In politics, events sometimes have significance which isn’t immediately apparent on their surface. Three stories in the past week hint at such a possibility.

The first was the inaction of the state Republican Party Executive Committee at its meeting Saturday. Gov. Ernie Fletcher had called on the party’s chairman, Darrell Brock, to resign. Brock previously worked in the Fletcher administration and was one of the nine people indicted, and later pardoned by Fletcher, for alleged hiring abuses. Brock, however, refused and the executive committee declined to force him out. Afterward, party spokeswoman Jessica Ditto said the committee gave Brock “essentially a vote of confidence.”

Fans of political novels might perceive another hand directing the orchestra. Could rumors of U.S. Sen. Mitch McConnell casting about for an alternative Republican candidate for 2007 be true? If so, did the executive committee try to send a subtle message to the governor that it’s time Fletcher put his party’s interests ahead of his own?

The second story involved Fletcher’s response. He went out of his way to say he is running for re-election in 2007, something he’d previously announced. Some might conclude he was answering a perceived message from McConnell by announcing for the second time he’s running for re-election.

The potential significance of the third story requires more scrutiny. The special grand jury reindicted acting Transportation Cabinet Secretary Bill Nighbert, this time for violations of the law which protects employees who report government abuses from retaliation by superiors.

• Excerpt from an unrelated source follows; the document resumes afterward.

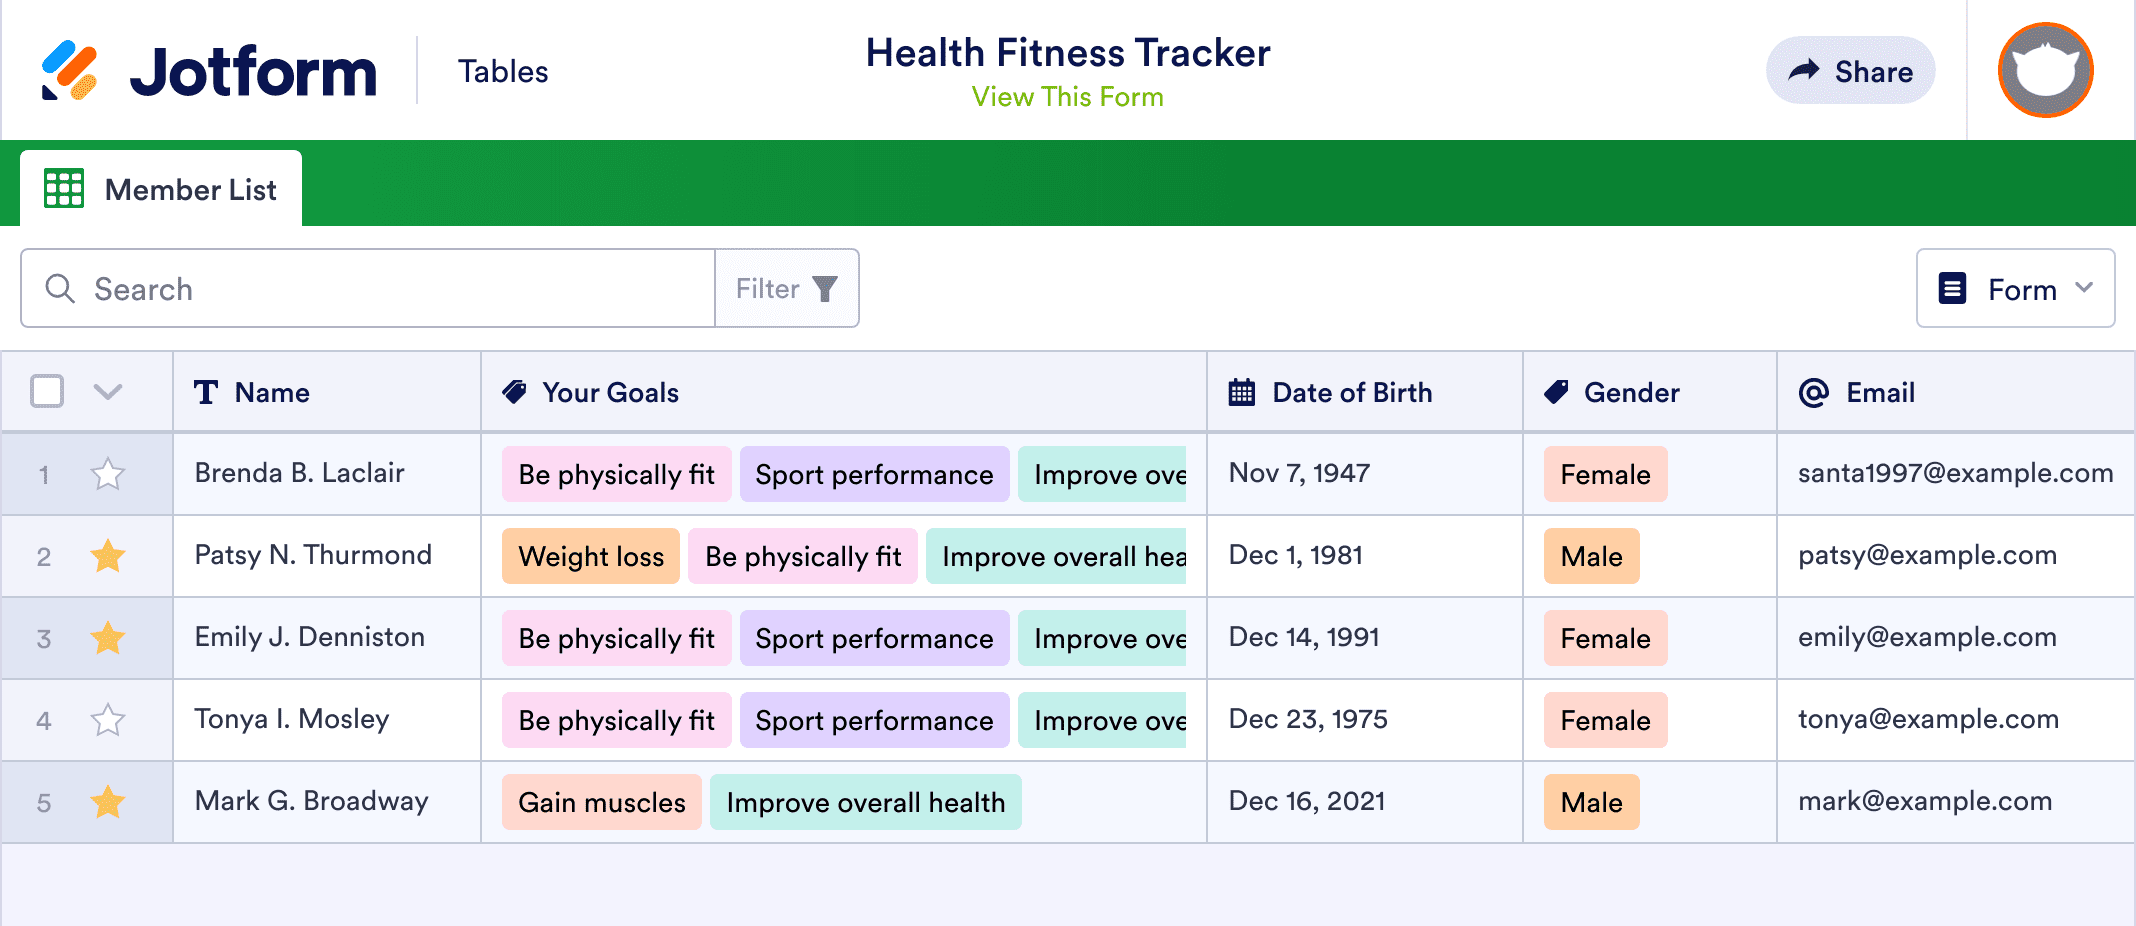 Health Fitness Tracker

Nighbert was one of the nine indicted and later pardoned. His attorney contends the pardon covers this charge as well, but prosecutors for Attorney General Greg Stumbo said at least part of the alleged violations occurred after the pardon which covered only the period before midnight on Aug. 29.

On Aug. 26, Dan Druen, the only person charged with felony crimes (he, too, was later pardoned), talked to prosecutors. Stumbo’s staff subsequently filed court documents which included transcripts of that interview. They indicated Druen told them Nighbert personally handed Fletcher a copy of one of the “hit lists” of employees targeted for removal. Is Stumbo trying to squeeze Nighbert so he’ll confirm Druen’s testimony and provide the grand jury enough grist for an indictment of the governor?

It’s all speculation, but understanding political maneuvering requires speculation about motive behind the deed.